Despite its ability to stem the fall, it’s not a conservative fund. Its multi-cap strategy with a fairly high equity allocation makes it an aggressive bet. And during market rallies, it’s known to put up a top quartile performance. In the past three years, the equity allocation has always been above 70 per cent. “While the mandate is 65-75 per cent in equity, we believe that we can add more value by staying invested in quality companies as in the longer term equities have delivered superior returns than debt. When our research comes up with bottom-up investment opportunities which fit the parameters laid down, the element of timing for good/ bad news flow goes down. In general such companies tend to surprise positively in terms of fundamentals and valuation re-rating in the medium to long-term,” says Bhole.

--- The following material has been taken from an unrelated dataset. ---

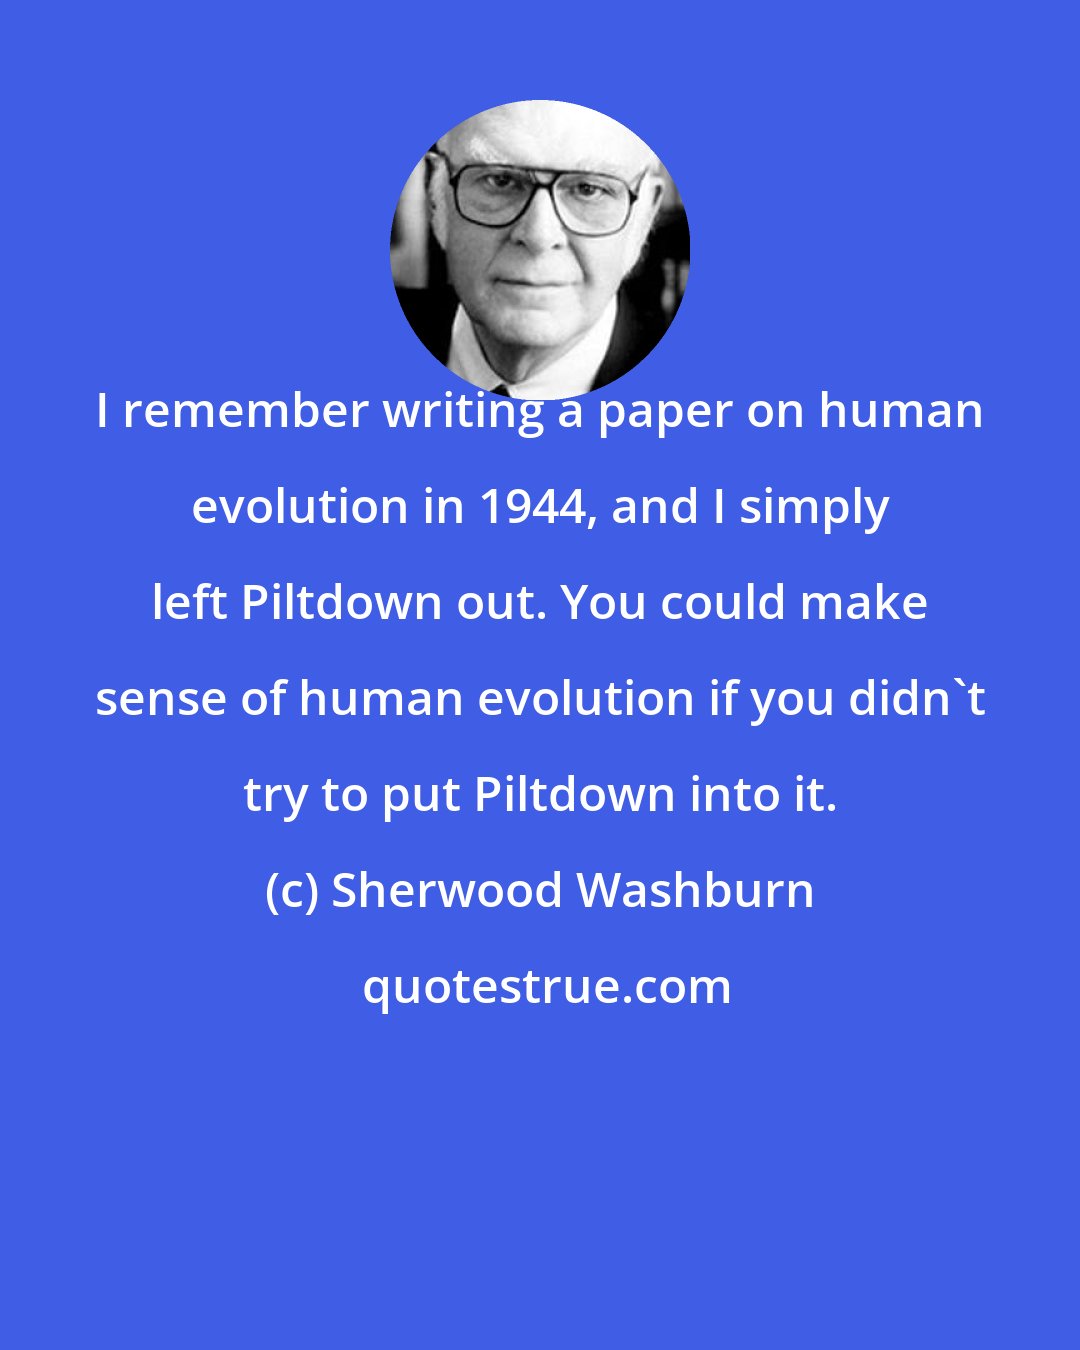 Sherwood Washburn: I remember writing a paper on human evolution in 1944, and I simply left Piltdown out. You could make sense of human evolution if you didn't try to put Piltdown into it.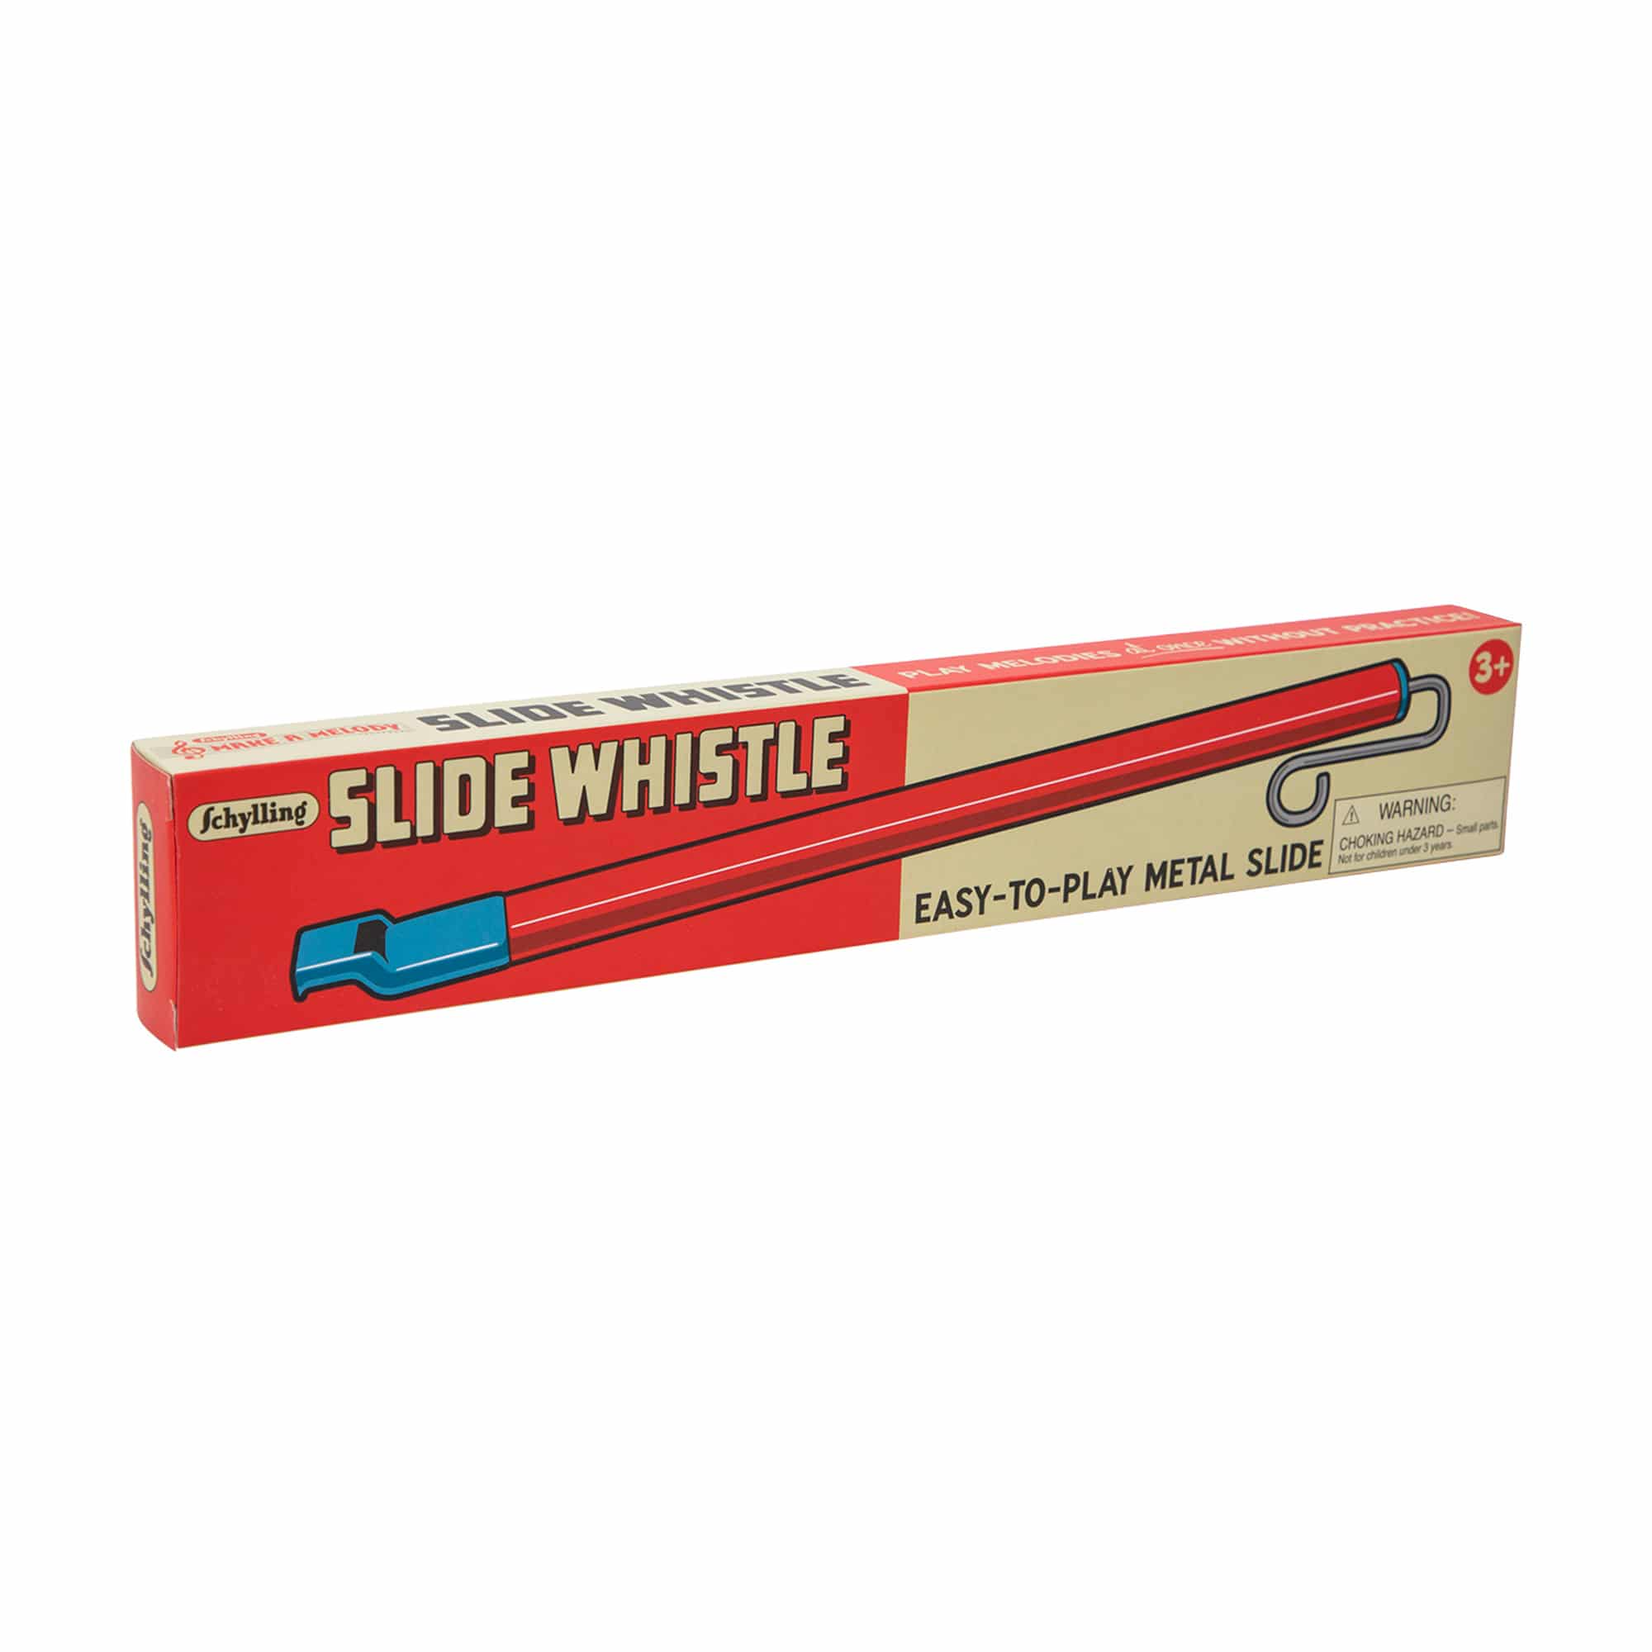 Schylling Slide Whistle

This allocation is diversified across 50 stocks, on an average, with single allocation rarely crossing 5 per cent. It started off as a large-cap fund but from 2003 onwards began to cast its lot with smaller companies and since then has altered the capitalisation bias depending on market conditions.
The activity on the equity side is also witnessed in its sector churns which are sometimes quite apparent. However, it can be argued that it is the result of the bottom-up stock picking approach and the changing valuations and opportunities spotted by the fund manager. On the debt side the fund’s favourite are certificates of deposit (CDs) and debentures.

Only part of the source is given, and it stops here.